On the plains of San Agustin, a vast new mexican valley filled with sagebrush and inhabited mostly by cattle, MIT radio astronomer Jacqueline Hewitt sits in the control room of the Very Large Array, a collection of 27 rail-mounted radio telescopes, each with a dish antenna more than 80 feet across. The antennas are positioned as far apart as possible, forming a Y with the control room at the center and the farthest telescope in each arm some 15 miles away. The dishes are all focused on a single point in the sky. Hewitt is tuning in on a quasar--a pointlike object billions of light-years away that radiates the energy of a million suns, mostly as radio waves. She is waiting for its signal to flicker.
At the four-meter optical telescope atop Cerro Tololo, in the dry mountains of northern Chile, another MIT astronomer, John Tonry, is looking at galaxies, trying to measure the subtle differences in brightness across their surfaces. And at Cerro Tololo’s sister telescope, the four-meter on Kitt Peak in southern Arizona, a team of observers from several institutions is scanning galaxies for planetary nebulas, the bright blobs of gas blown off by giant stars in their death throes.
The observations could hardly be more different, but each project is an attempt to answer two of the most fundamental questions about the universe: How big is it, and how old? The questions are equivalent. In asking how big the universe is, we are talking about the visible universe: the sphere, centered on Earth, whose radius is the distance light could have traveled since the Big Bang, when the universe came into being as a single point and began expanding rapidly outward. The distance to the edge of the visible universe, in light-years, is the same as the number of years since the whole universe began. The universe as a whole may well be bigger than the visible universe; in the first nanosecond of its existence it may have undergone a burst of faster-than-light inflation. But astronomers cannot hope to measure what they cannot see.

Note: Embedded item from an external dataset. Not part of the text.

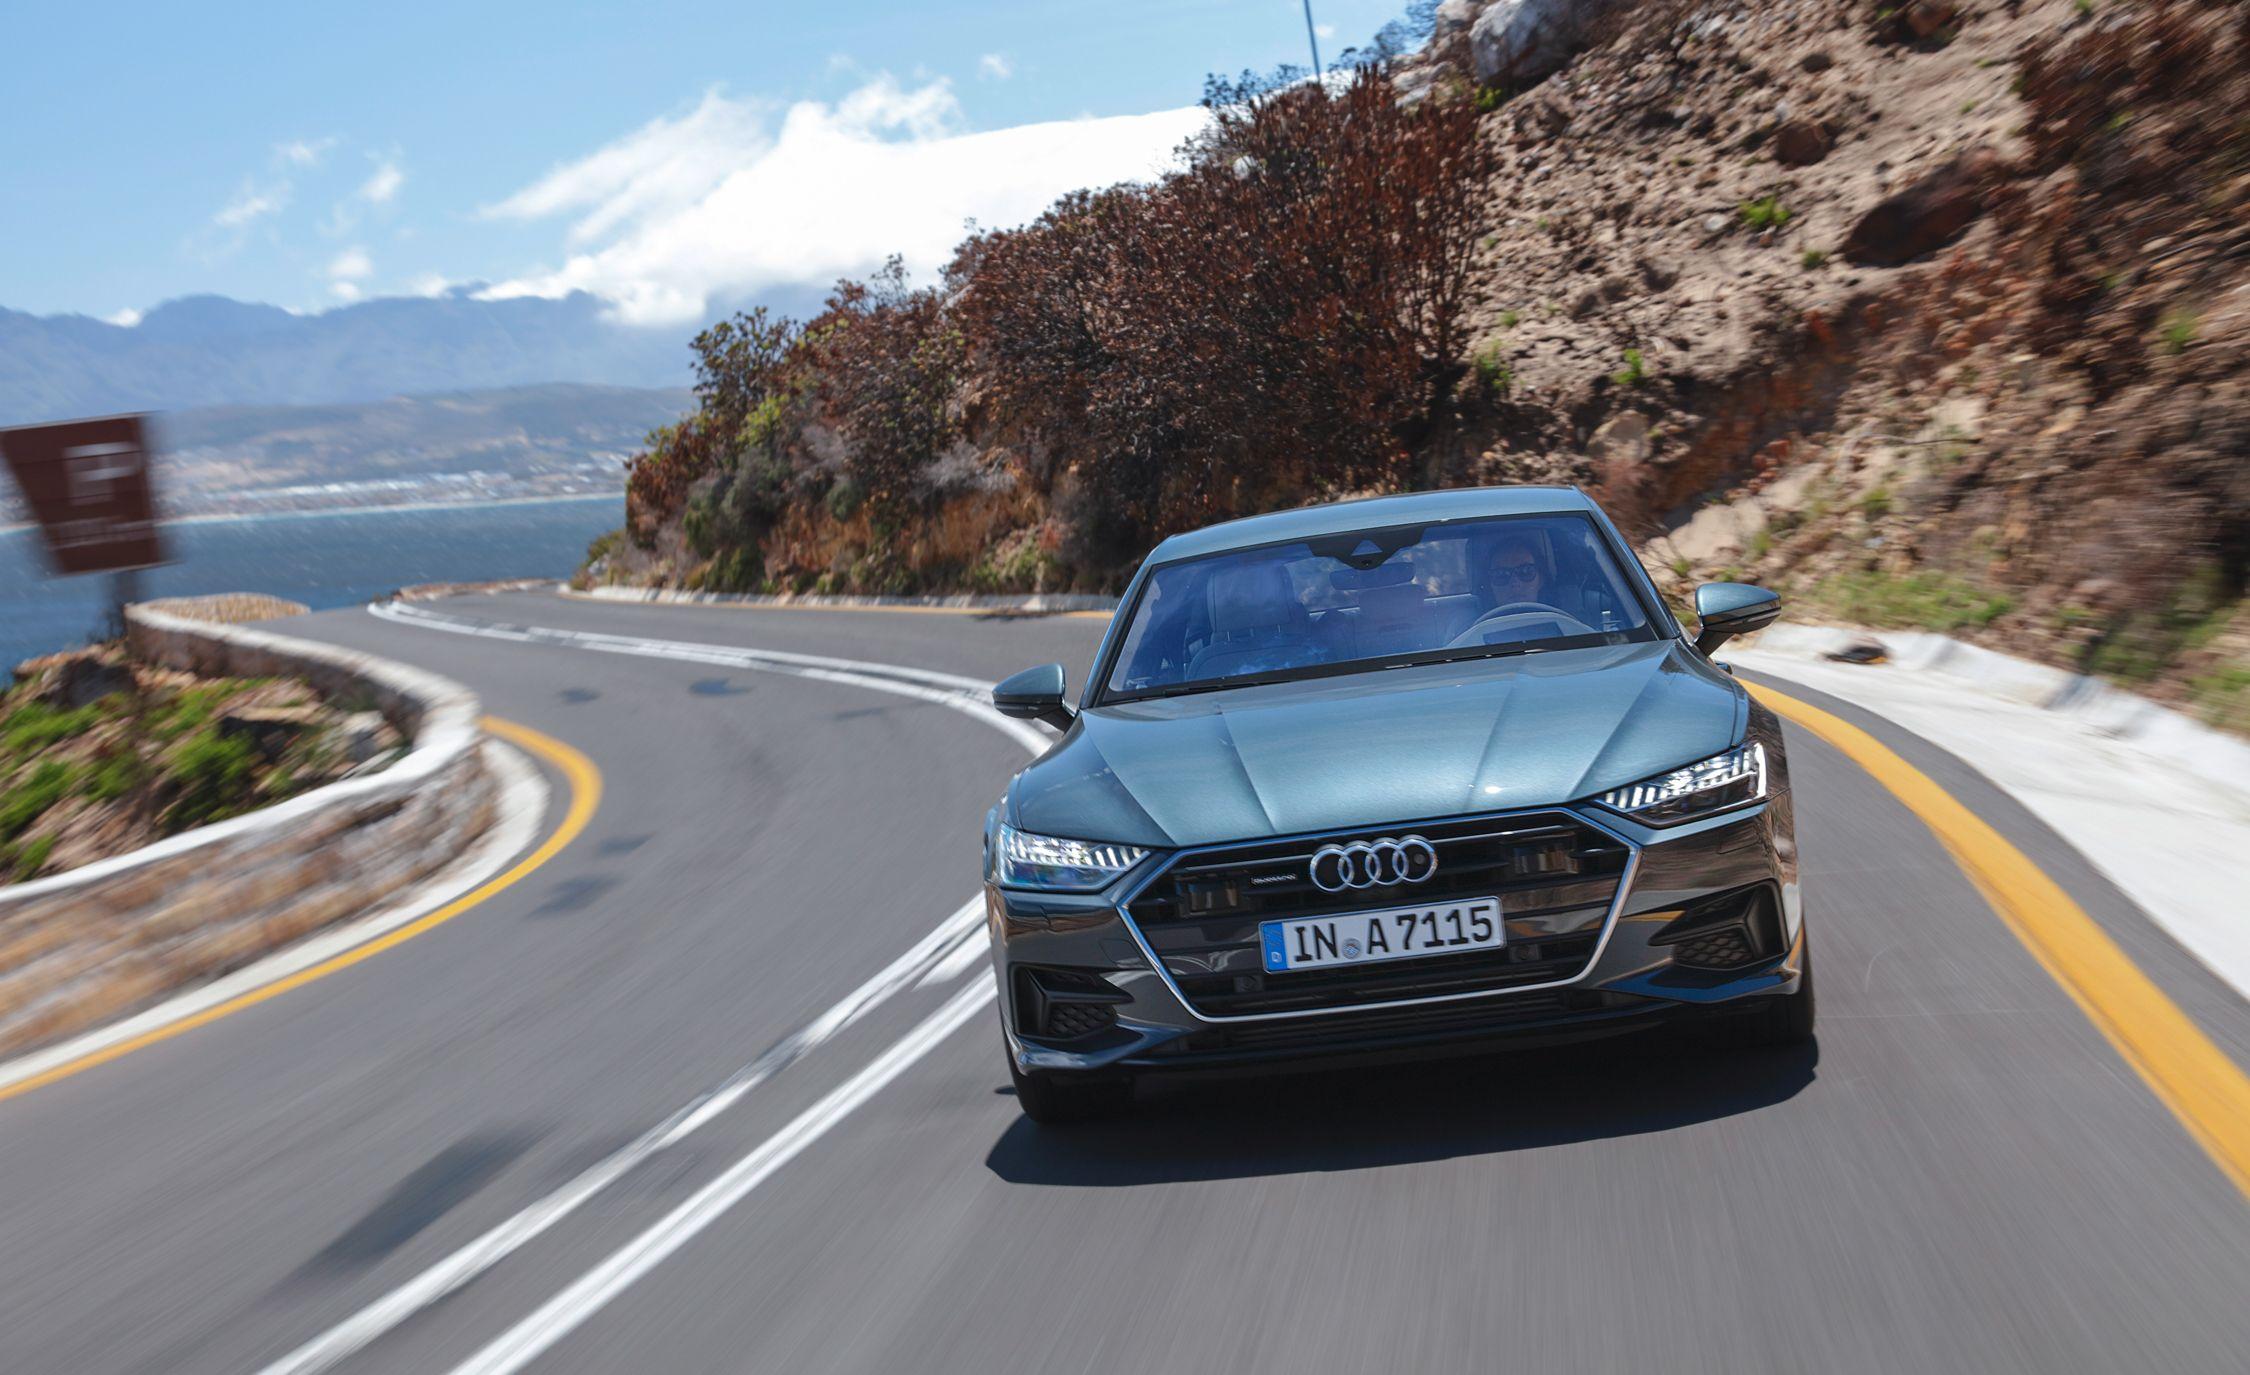 2019-Audi-A7-Sportback-163-1.jpg
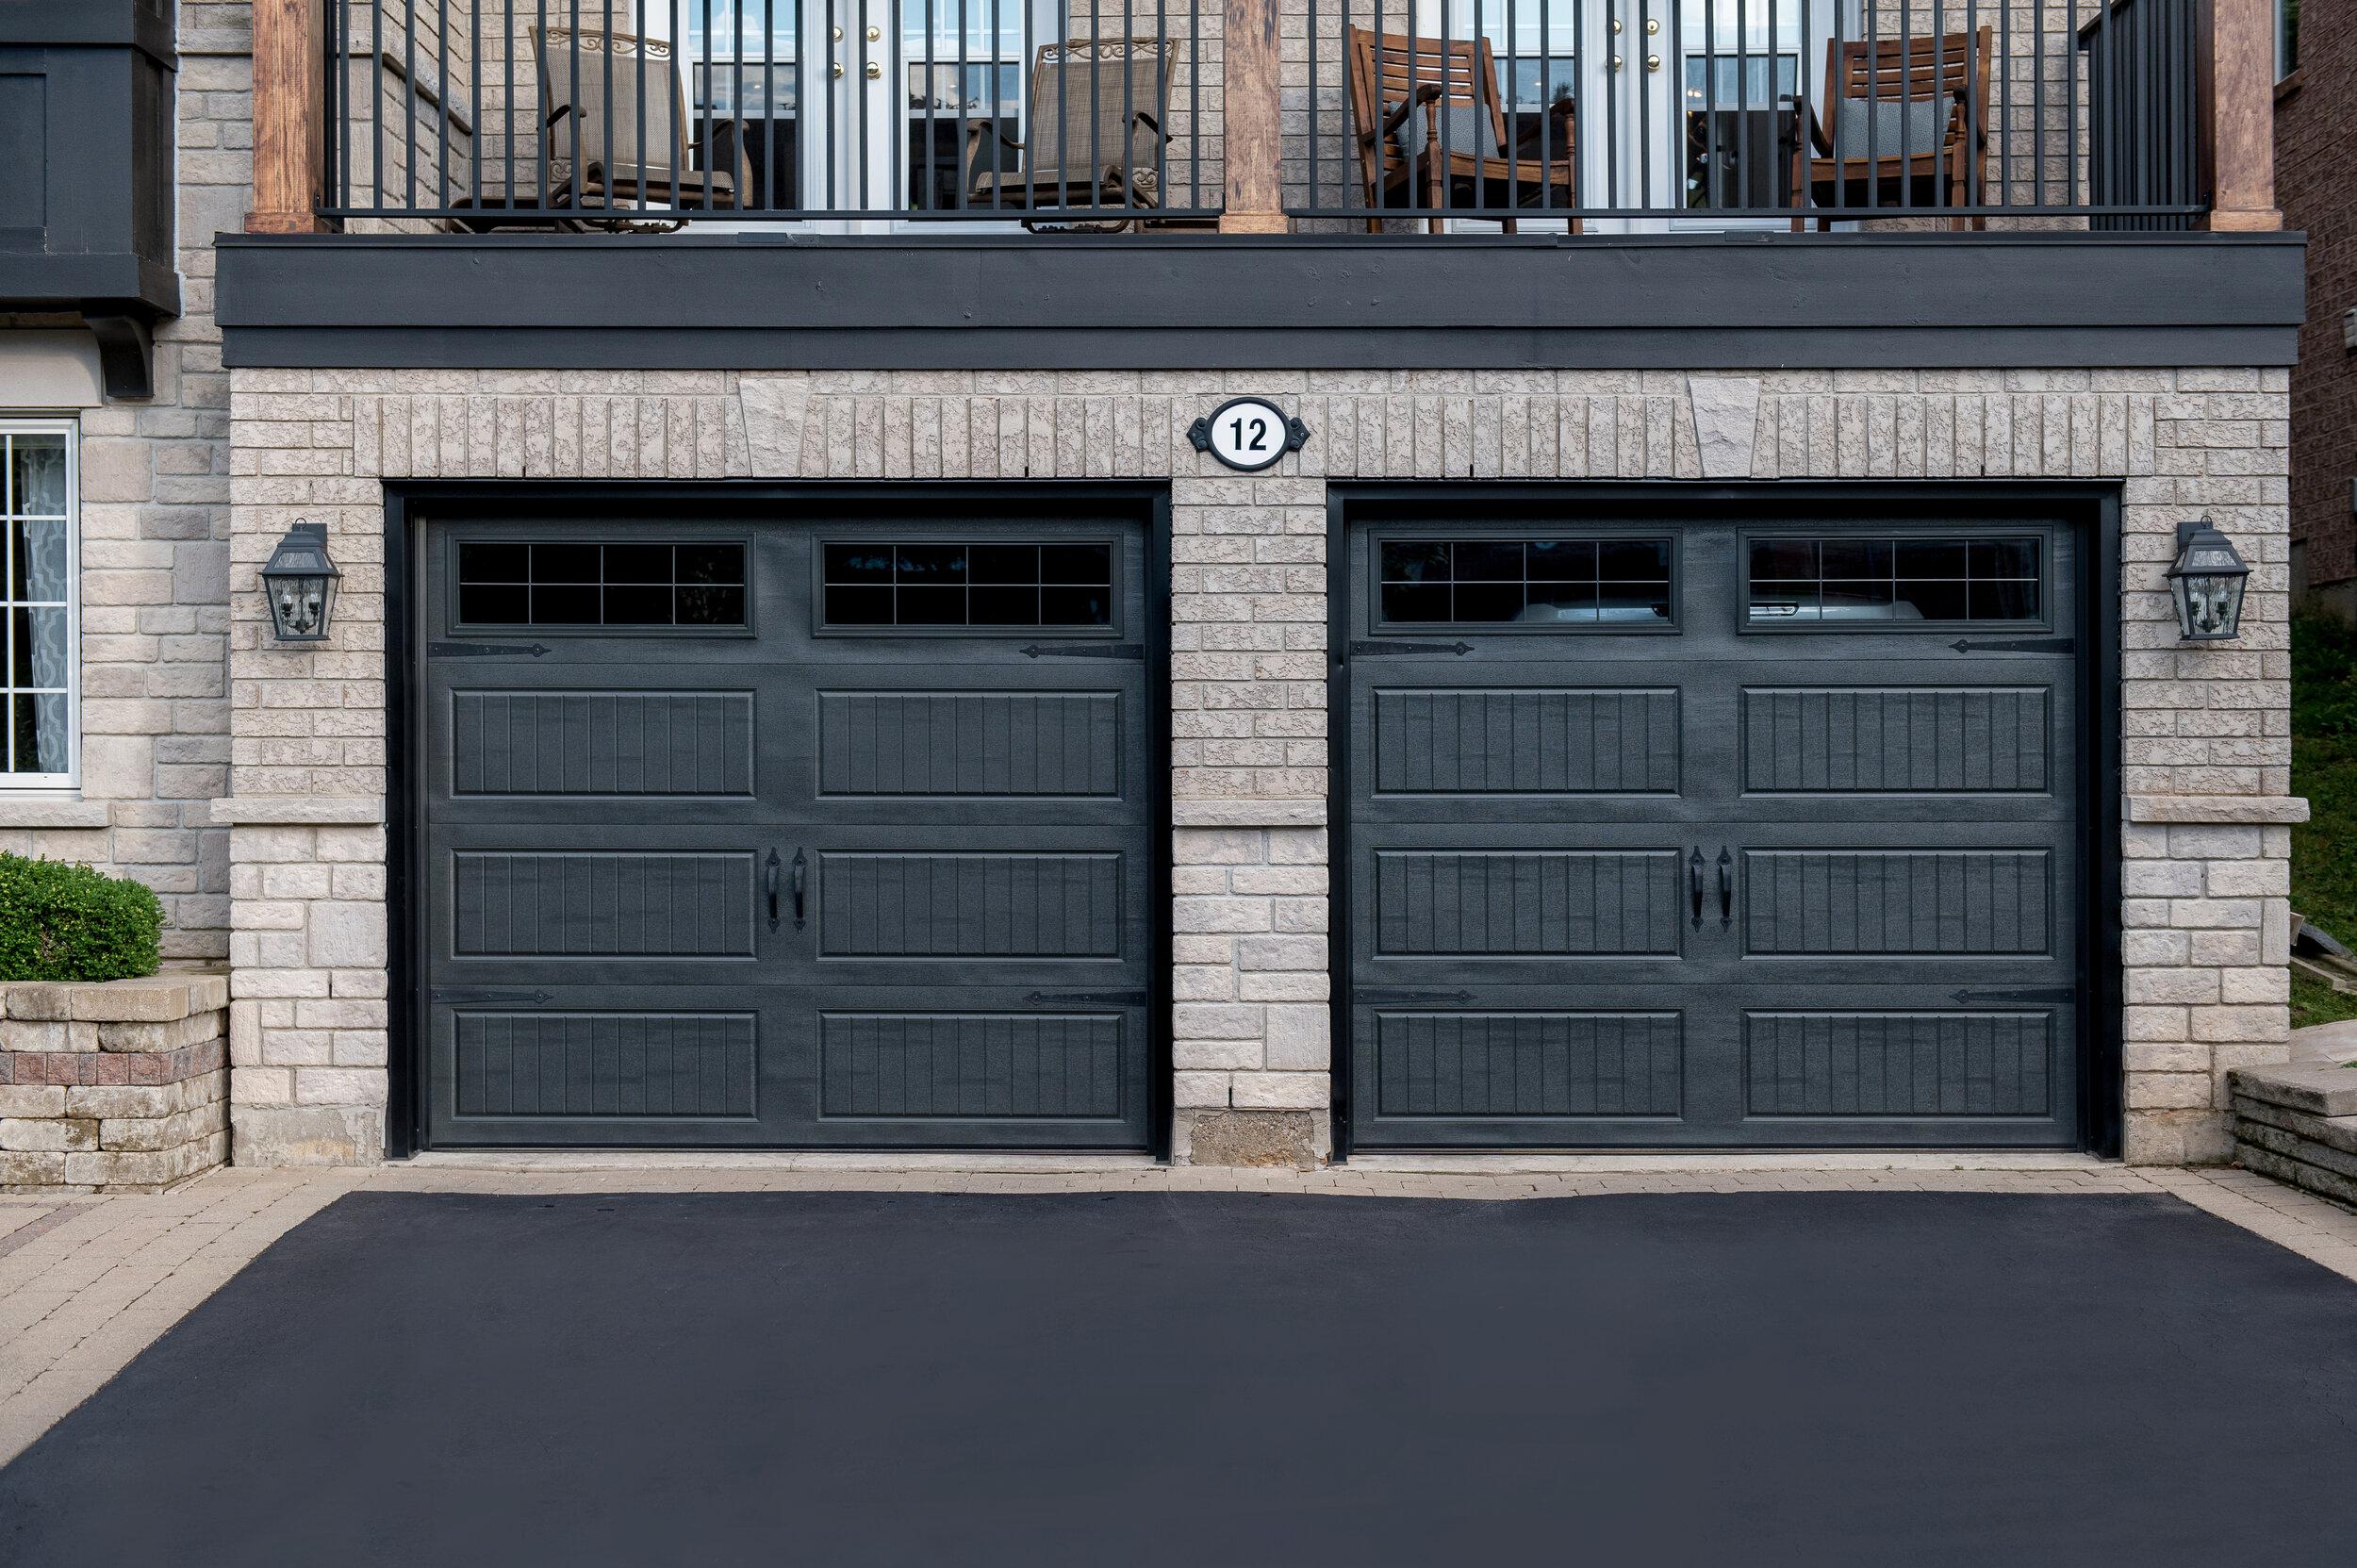 12 Arborglen Drive - Exterior  (22).JPG

And they’ve been remarkably unsuccessful at measuring the size of what they can see. They have uncovered some of the secrets of black holes, of pulsars, and of colliding galaxies; they can follow the birth, life, and death of stars in great detail; they can even tell you what happened in the very first seconds after the Big Bang. But they don’t know when that Bang occurred, at least not very accurately. The universe is either 10 billion years old or 20 . . . or somewhere in between. The visible universe is either 20 billion light-years across or 40 billion . . . or somewhere in between.